遺言書が数枚になった場合ですが、遺言書の枚数全てに署名する必要はありません。

押印についても割り印や契印の必要はありませんが、疑いを残したくない方は押しておいた方がいいでしょう。

※財産目録や通帳のコピーなどを添える場合は、別途、署名と押印を記載して下さい。

押さえておきたい遺言書のポイント

法的なルール以外に押さえておいた方がいいポイントをいくつか紹介します。

★遺言書はボールペンで!→自筆遺言書の作成は鉛筆でも可能です。しかし年月が経って読めなくなってしまったり、改ざんのおそれもあります。また、鉛筆で書いて消しゴムで修正していた場合は偽造を疑われる可能性がありますので遺言書には消えないボールペンを使いましょう。

★財産目録や相続人は調べておきます→いざ遺言書で相続をする時に、財産はどこにどれだけあるのか?遺留分の発生する相続人は他にいないのか?など一から探すのは大変な作業です。遺言書を作成するときはこちらも一緒に調べておきましょう。

★遺留分に注意する→遺言書では遺産の全てを特定の人に相続させることも可能です。しかし配偶者や子どもには遺留分が発生します。ある割合の遺産をもらう権利「遺留分減殺請求」をすることができます。遺留分を考えて遺言書を書きましょう。

★付言をつける→今までの感謝の気持ちやどうしてこの分け方になったのか、遺言者が死んだ後の希望などを書きます。分け方についての説明は必ず入れた方が後々のトラブルを減らすことが出来ます。

他にもいくつかのポイントがありますが、こういった点に注意しながら遺言書作りを進めていきましょう。

間違えたときの修正のしかた

自筆遺言書を書いていて間違えてしまった場合は決まった直し方があります。他人による改ざん防止のために厳格な方法が定められています。

それでは方法について見てみましょう。

  1. 遺言者自身が行うこと
  2. 変更の場所を指示して訂正した旨を付記すること
  3. 付記部分に署名すること
  4. 変更の場所に押印すること

訂正したい語句に二重線を引き、新しい文言を書き込みます。訂正箇所には押印を行い欄外に訂正した旨を記載します。

訂正自体は簡単なように思いますが、上記の方法で訂正がされていなかった場合、その訂正は無効となります。

遺言書本体がすぐに無効となることはありませんが、訂正自体はなかったものとして扱われ元々の文言が採用されます。
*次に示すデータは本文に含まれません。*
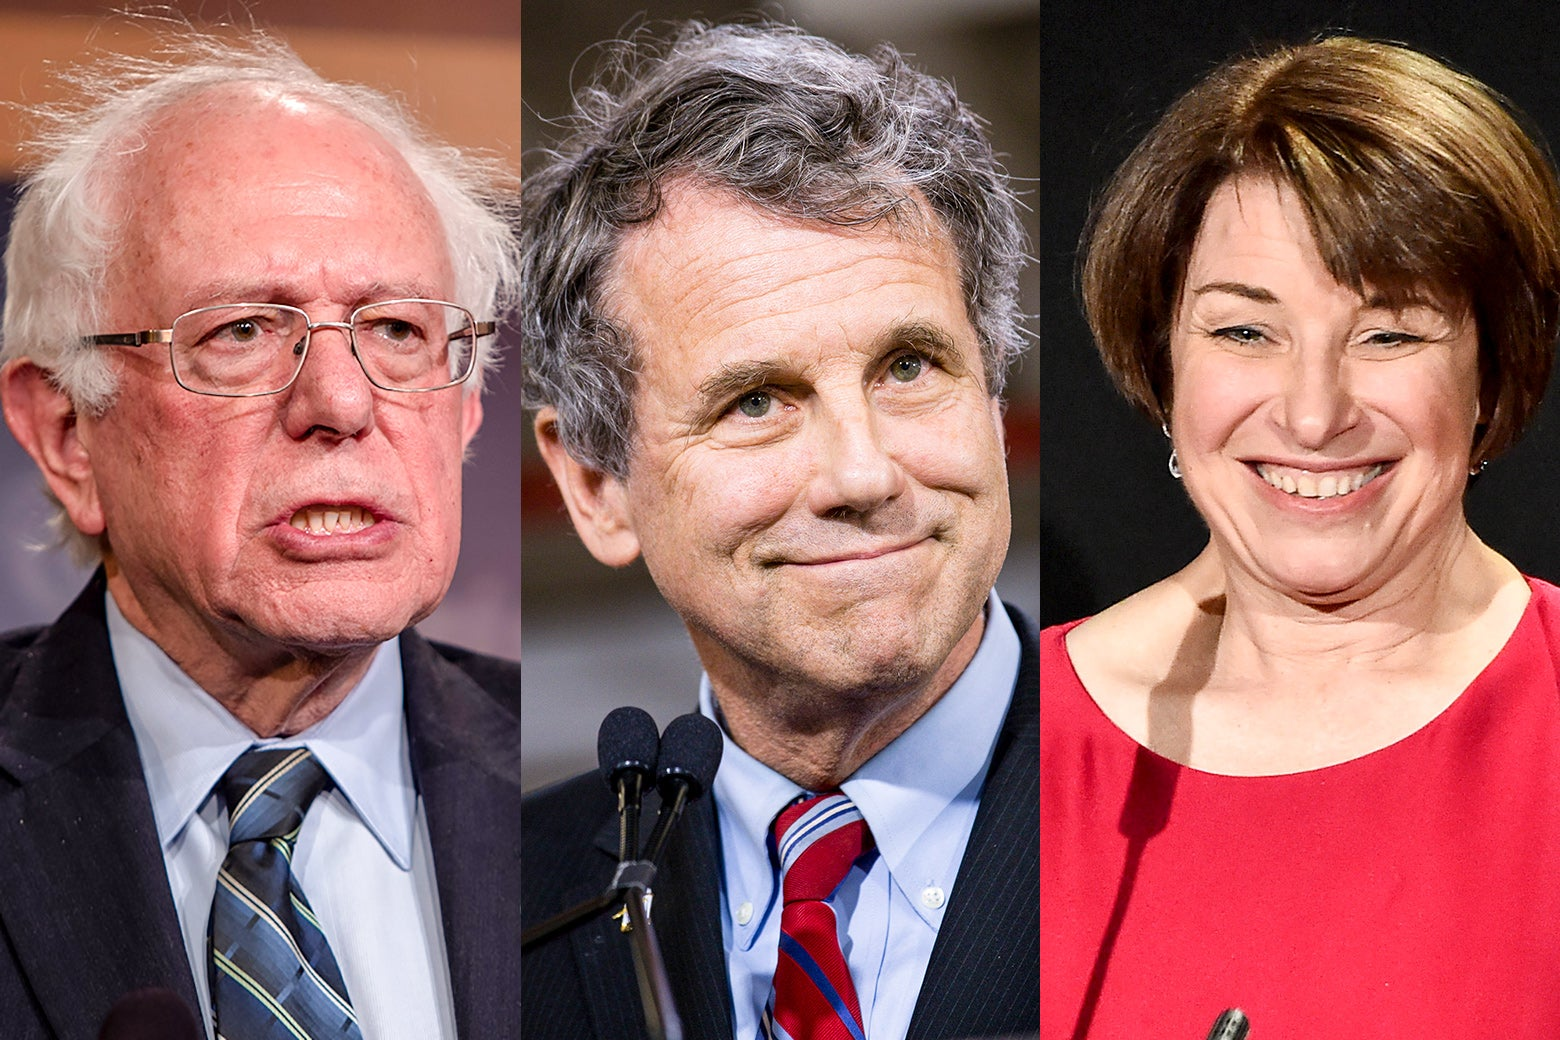 Bernie Sanders, Sherrod Brown, and Amy Klobuchar.
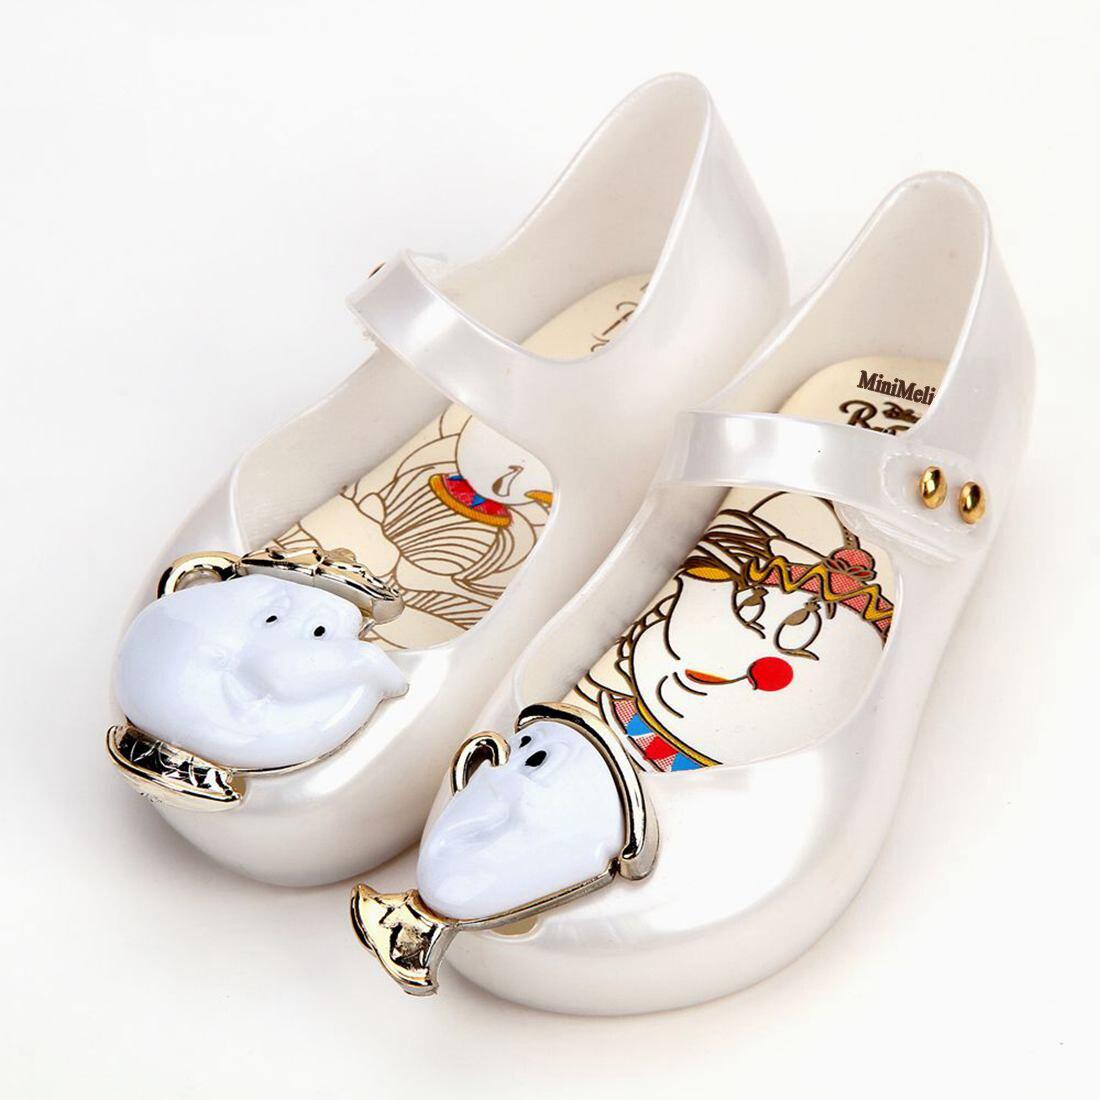 Mini Melissa Teacup Sandals 2018hot New Winter Kids Sandals Beauty Beast Girls Shoe Jelly Sandals Non-slip Kid Shoes

訂正前の元々の文言が読み取れない場合は、その部分全体がないものとして扱われることになったり、その部分が遺言にとってメインとなるような重要な部分であった場合は遺言書自体が無効になってしまいます。

訂正の箇所が広範囲に及ぶ場合や大事な部分の訂正となる場合は書き直した方が無難でしょう。

まとめ

いかがだったでしょうか。自筆証書遺言書を書くときのポイントをまとめると、以下のとおりです。

  • 自筆証書遺言書は自分の直筆で書く
  • 本文の最後やパソコンなどで制作した別紙に日付と署名と押印をする
  • もめないようにポイントをおさえて書く
  • 間違った場合は可能な限り最初からやりなおす

自分で書きたい、何度も書き直したい、書く内容が少ない方や法的な権限がないことを書いておきたい場合などは自筆証書遺言はとても便利です。

しかし、相続時になって「無効でした」となっては困ってしまいますよね。

そうならないようにしっかりとポイントをおさえて作成することが肝心です。

どんな内容で書いたらいいか分からない場合や、遺留分やその他について詳しくいりたい方は専門家に相談するのがいいでしょう。

また、「書く内容が多い」「自分では書くことが出来ない」「相続人の手続きを減らしたい」そういった方は公正証書遺言で遺言を残すことをおすすめいたします。